Now, we can estimate the prediction intervals by using the MapieTimeSeriesRegresor. Here, we have two options to estimate the prediction intervals:

- the regular .fit and .predict process, limiting the use of training set residuals to create prediction intervals
- the use of
`.partial_fit`

in addition to`.fit`

and`.predict`

allowing MAPIE to use new residuals from the test points as new data are becoming available.

The second approach is better for time series with unexpected oscillations. I’ll show you both versions so that you can see the difference between the two.

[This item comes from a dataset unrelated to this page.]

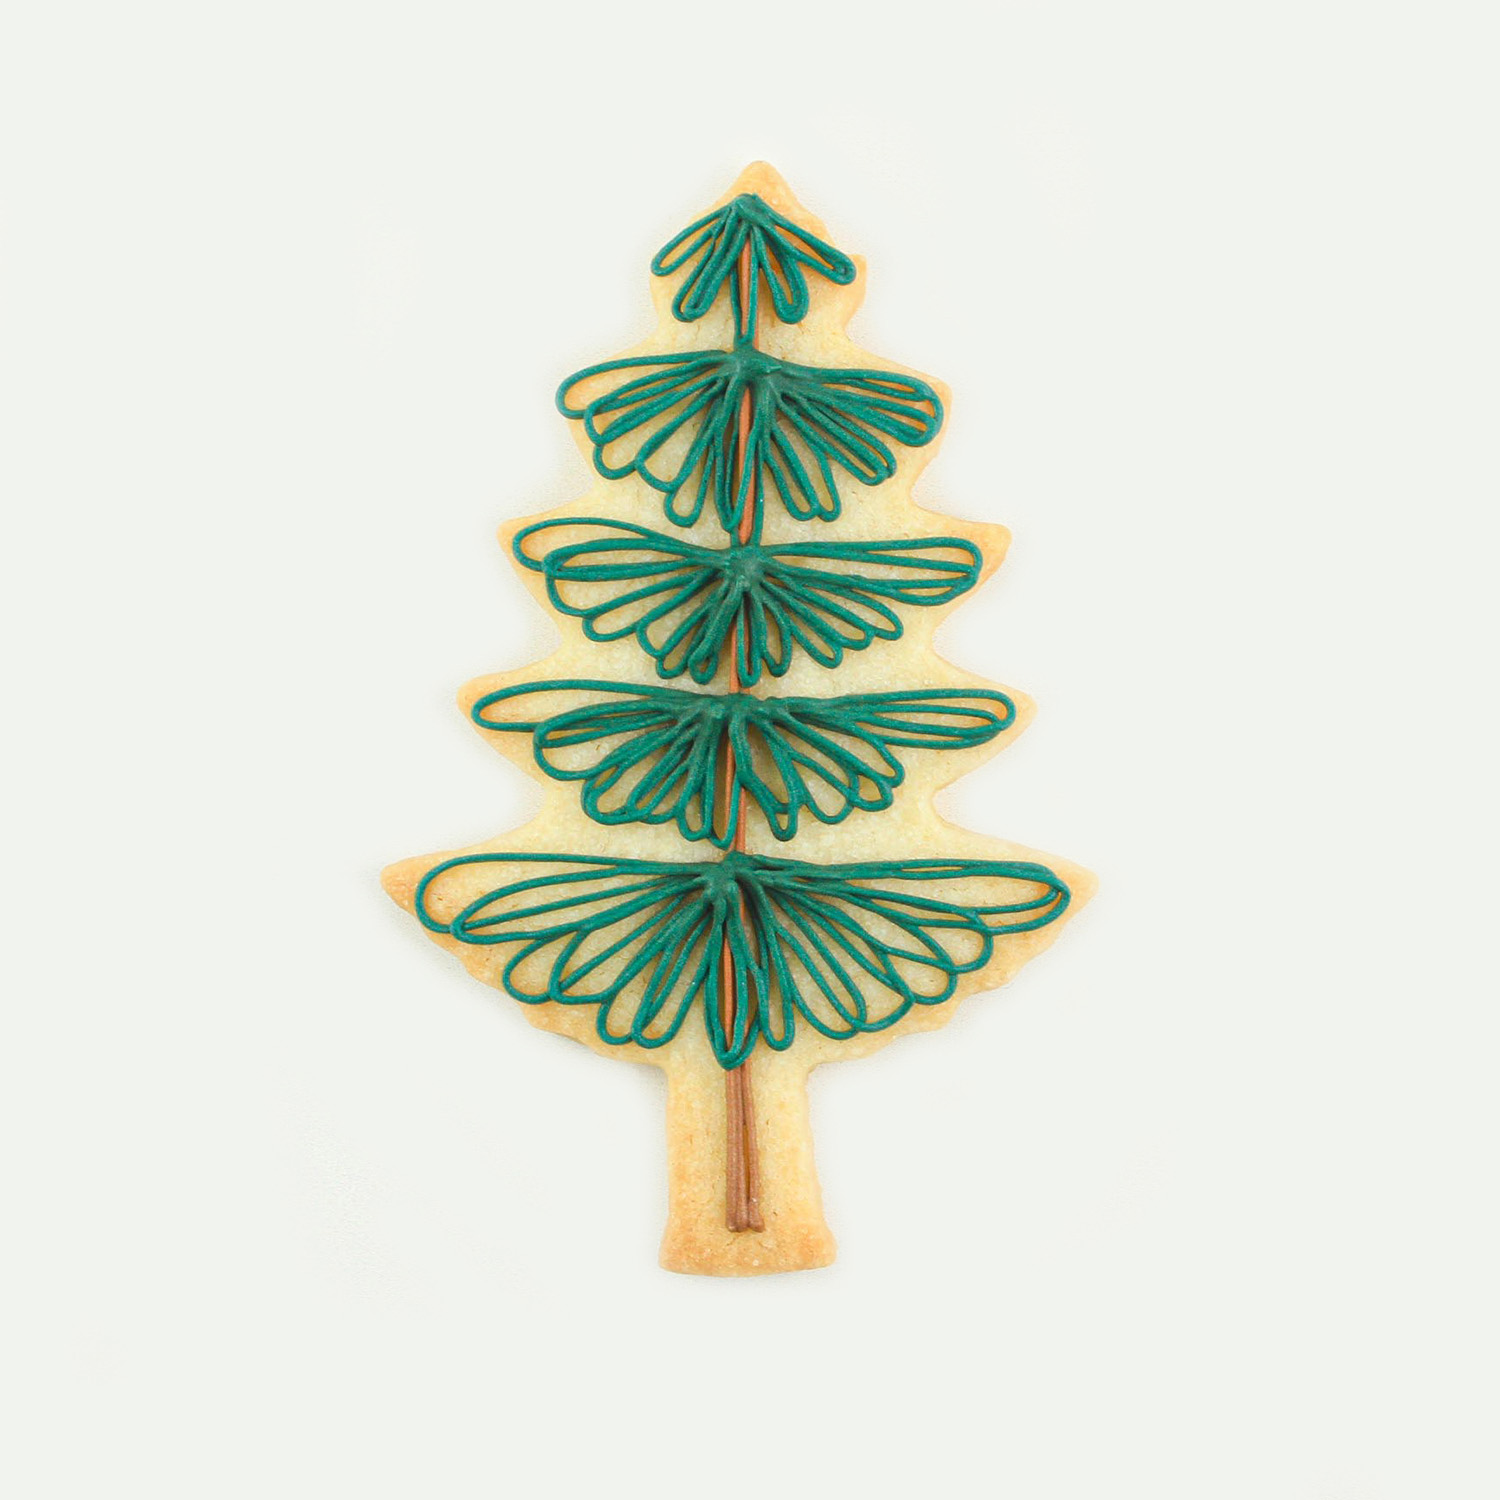 Pine Tree Cookie decorated with loops of green royal icing for the leaves

Take note that we’ll be using the `BlockBootstrap`

method which is shown to be better for time-series modeling. As for our coverage, we will go with 95% by having the alpha be 0.05. The method for the MAPIE regressor will be EnbPi which was shown to perform well on time series data.

```
# It's Confromal Prediction time!
alpha = 0.05
gap = 1
mapie_cv = BlockBootstrap(
n_blocks=10,
overlapping=True,
random_state=42
)
mapie_enbpi = MapieTimeSeriesRegressor(
reg,
method="enbpi",
cv=mapie_cv,
agg_function="mean",
n_jobs=-1
)
```

Now, we start by applying the first method:

```
mapie_enbpi = mapie_enbpi.fit(X_train, y_train)
y_pred_npfit, y_pis_npfit = mapie_enbpi.predict(
X_test, alpha=alpha, ensemble=True, optimize_beta=True
)
coverage_npfit = regression_coverage_score(
y_test, y_pis_npfit[:, 0, 0], y_pis_npfit[:, 1, 0]
)
width_npfit = regression_mean_width_score(y_pis_npfit[:, 0, 0], y_pis_npfit[:, 1, 0])
```

Now, we apply the second method:

```
mapie_enbpi = mapie_enbpi.fit(X_train, y_train)
y_pred = np.zeros((len(test), 2))
y_pis = np.zeros((len(test), 2, 2))
conformity_scores_pfit = []
lower_quantiles_pfit = []
higher_quantiles_pfit = []
y_pred[:gap], y_pis[:gap, :, :] = mapie_enbpi.predict(
X_test.iloc[:gap, :], alpha=alpha, ensemble=True, optimize_beta=True
)
for step in range(gap, len(X_test), gap):
mapie_enbpi.partial_fit(
X_test.iloc[(step - gap) : step, :],
y_test.iloc[(step - gap) : step],
)
(y_pred[step : step + gap], y_pis[step : step + gap, :, :],) = mapie_enbpi.predict(
X_test.iloc[step : (step + gap), :],
alpha=alpha,
ensemble=True,
optimize_beta=True,
)
conformity_scores_pfit.append(mapie_enbpi.conformity_scores_)
lower_quantiles_pfit.append(mapie_enbpi.lower_quantiles_)
higher_quantiles_pfit.append(mapie_enbpi.higher_quantiles_)
coverage_pfit = regression_coverage_score(y_test, y_pis[:, 0, 0], y_pis[:, 1, 0])
width_pfit = regression_mean_width_score(y_pis[:, 0, 0], y_pis[:, 1, 0])
```

Finally, when we plot the prediction intervals and get the following chart:

The coverage in both examples isn’t great, but we can see how the introduction of the partial fit managed to “recover” after the abrupt change in the label by adjusting its prediction intervals.

Please feel free to explore different alpha values and how they affect the output intervals of the algorithm.